One belt – one road: China’s re-engineering
of the global business environment
In 2013, China announced One Belt One Road (OBOR) – an initiative that could potentially reshape the world order. OBOR comprises a land-based “Silk Road Economic Belt” and an oceangoing “Maritime Silk Road.” The “Belt” is an infrastructure network of transport, energy and communication projects stretching from Xi’an in China through Central Asia to Moscow, Rotterdam and Venice. The “Road” is its maritime equivalent, a network of planned ports and other coastal infrastructure from South and Southeast Asia to East Africa and the northern Mediterranean Sea.
Over the last three years, the OBOR initiative has gathered significant momentum but its underlying concept, scope and framework remain fluid. Understanding these as well as the associated business challenges and opportunities were the objectives of the discovery event led by Professor Jean-Pierre Lehmann in February 2016. Jean-Pierre opened the discussion by setting the current and historical context in China. He stated that for most of recorded history China has been the world’s largest economy. However, it collapsed during the 19th century and found itself a passive victim of globalization. Since 1979, the late Deng Xiaoping launched arguably the world’s most radical economic reform program ever, which saw the reemergence of China as a global power. Jean-Pierre stated, “The Middle Kingdom is now back; China has gone through an economic revolutionary path condensed in time.” Going forward, the OBOR initiative could well unleash – through infrastructure, trade and investment – the most dramatic transformation of the world economy since the industrial revolution. China is the world’s first or second largest economy, the third largest global investor, and the largest and third largest trader of goods and services, respectively. However, its economic growth in 2015 stood at 6.9%, the slowest it has been in a quarter of a century. Lu Xiankun indicated that for many years a GDP growth rate of 8% was almost like a “holy number” for the Chinese government. Anything below that was alarming. It meant serious problems in many aspects, particularly employment. But now, people are already talking about a growth of below 7%. Meanwhile, China is confronted by myriad internal challenges – a regional development gap between coastal and central/western regions, many people still living below the poverty line, massive migration from countryside to cities, serious industrial overcapacity and employment challenges for young graduates. The OBOR initiative could be the answer to some of these issues.
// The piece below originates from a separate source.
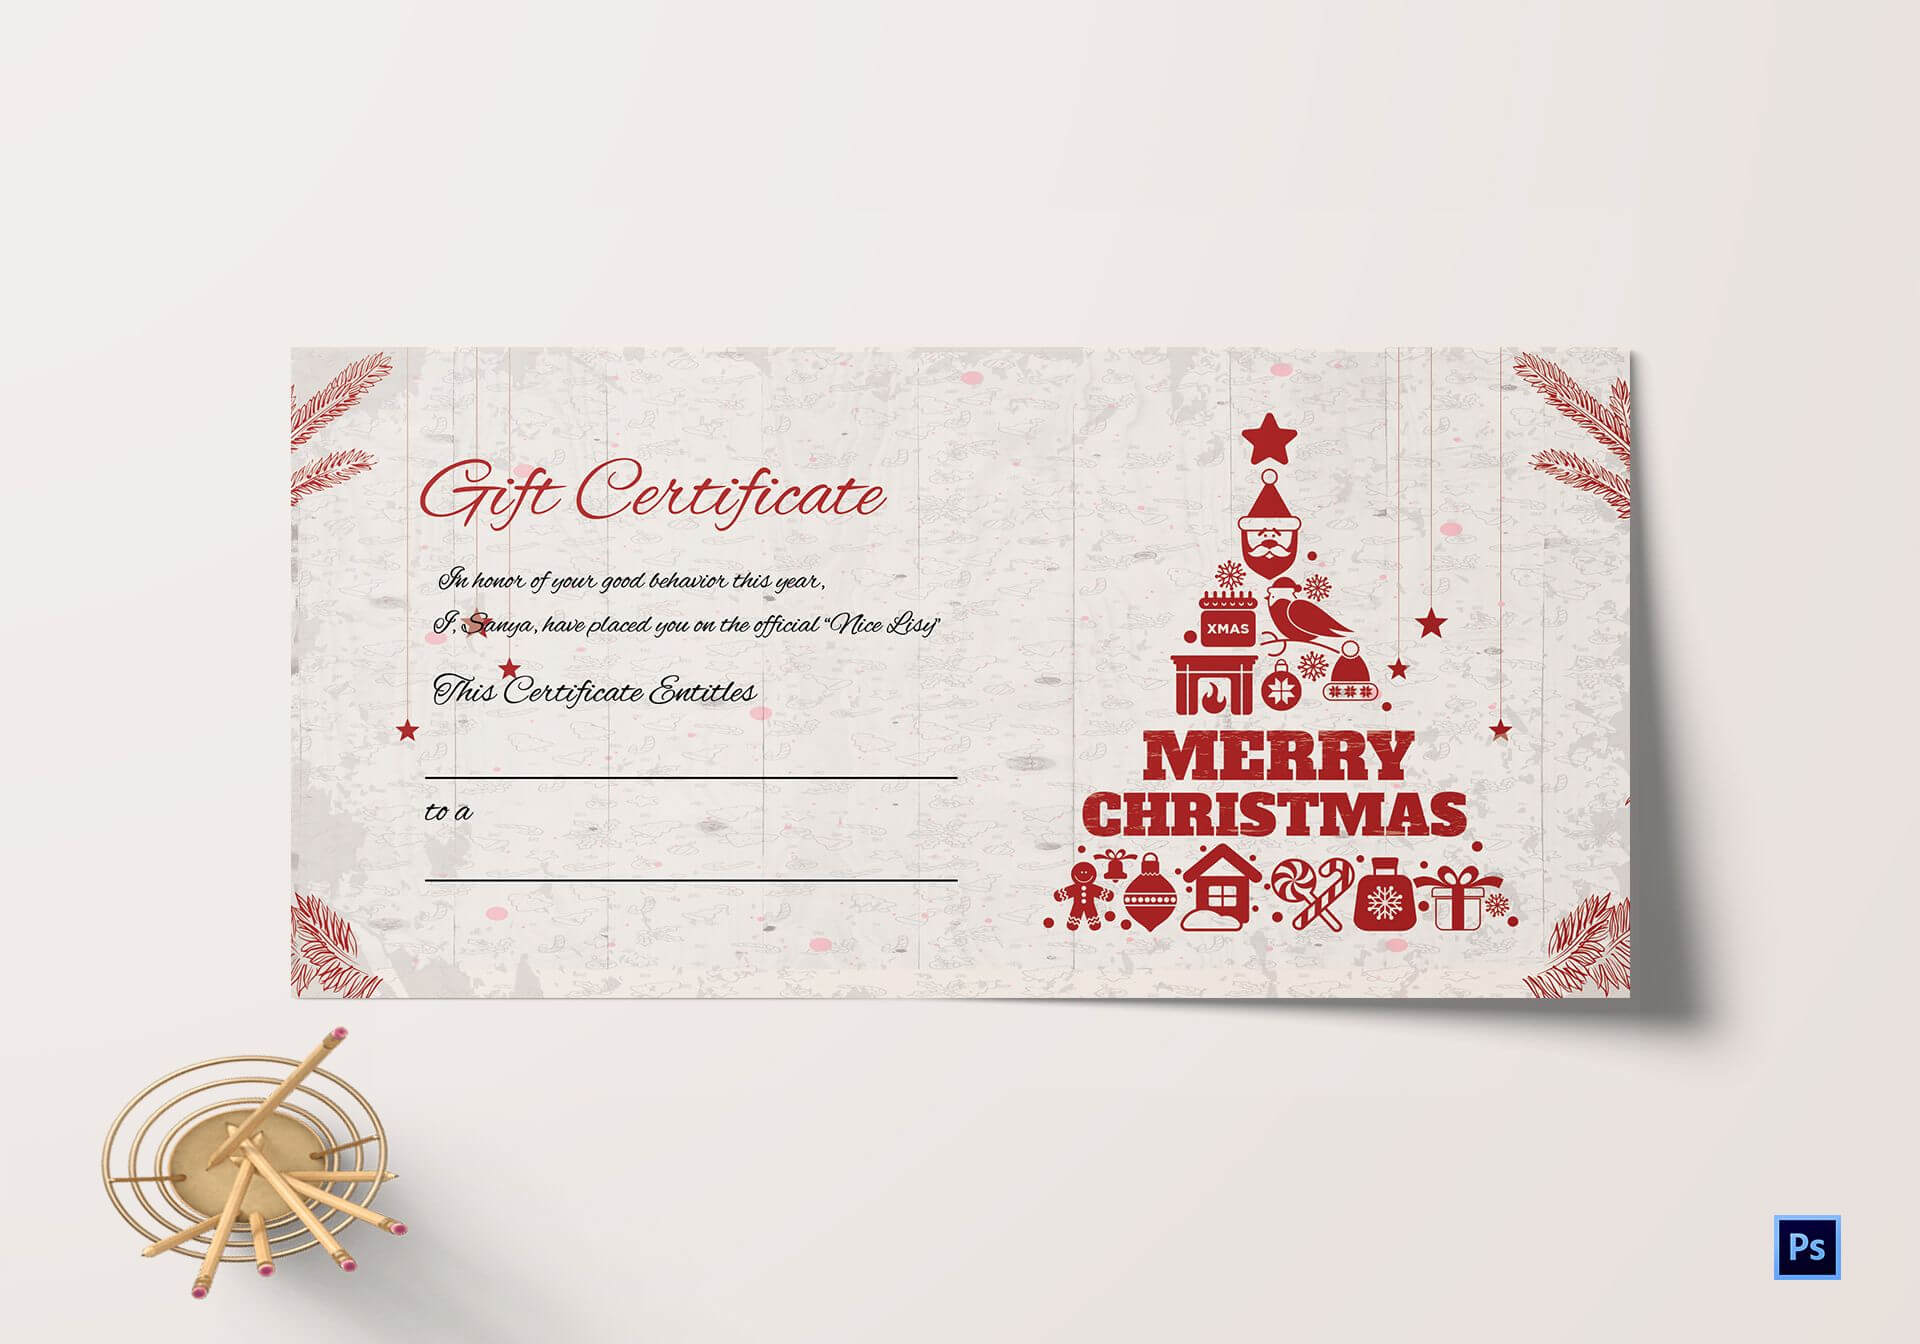 Christmas Gift Certificate Template | Printablepedia Throughout Merry Christmas Gift Certificate Templates

According to Lu, OBOR is the most important thrust of China’s opening-up and developmental strategy (both internally and externally) since its accession to the WTO in 2001. China has been looking to the WTO for trade liberalization reforms but, with the seeming failure of the Doha round, the WTO remains embroiled in a deadlock. The reason for the deadlock, Marion Jansen explained, is that the US and EU want to execute deals that are more complicated, including issues such as standards and regulations on labor, competition, investment, and environment, i.e. those that are not priorities for the developing countries. For this reason, the major industrial powers – EU, Canada, US, Japan – have opted for “mega regional” deals to cover issues that they want to resolve. Faced with slowing growth, China cannot wait for the WTO to take action. Since infrastructure is not typically part of the trade agreements negotiated by the WTO, China has moved on with the OBOR initiative, which focuses on infrastructure as a key pillar.
Perceptions about OBOR
The international community is still struggling to understand the gist and impact of OBOR since China has difficulty in explaining its intentions. Initially, OBOR was referred to as “China’s Marshall Plan” by some Western media and more recently it has been seen as a countermeasure to the US-led Trans Pacific Partnership (TPP) and pivot to Asia. Lu explained that China is presenting OBOR as an open instrument developed in a multipolar world that seeks market-driven collaboration with 65 countries, and is even open to countries that are not situated along the OBOR. A case in point is Switzerland. Lu stated, “China wants to avoid the impression that it is sinking its dragon claws into other countries. Instead, it is trying to find synergies with existing programs in these countries.” Projects will come incrementally and will be adapted differently to the local aspirations of diverse countries. Unlike the TPP or other WTO agreements that are often based on hard and strict rules, OBOR is informal, cooperative and loosely structured with a soft approach to rules and boundaries. Shuaihua Cheng drew an analogy, “the OBOR policy is similar to Tai Chi rather than American kickboxing. Or like Uber, which works on a model of open sourcing and business via collaboration.”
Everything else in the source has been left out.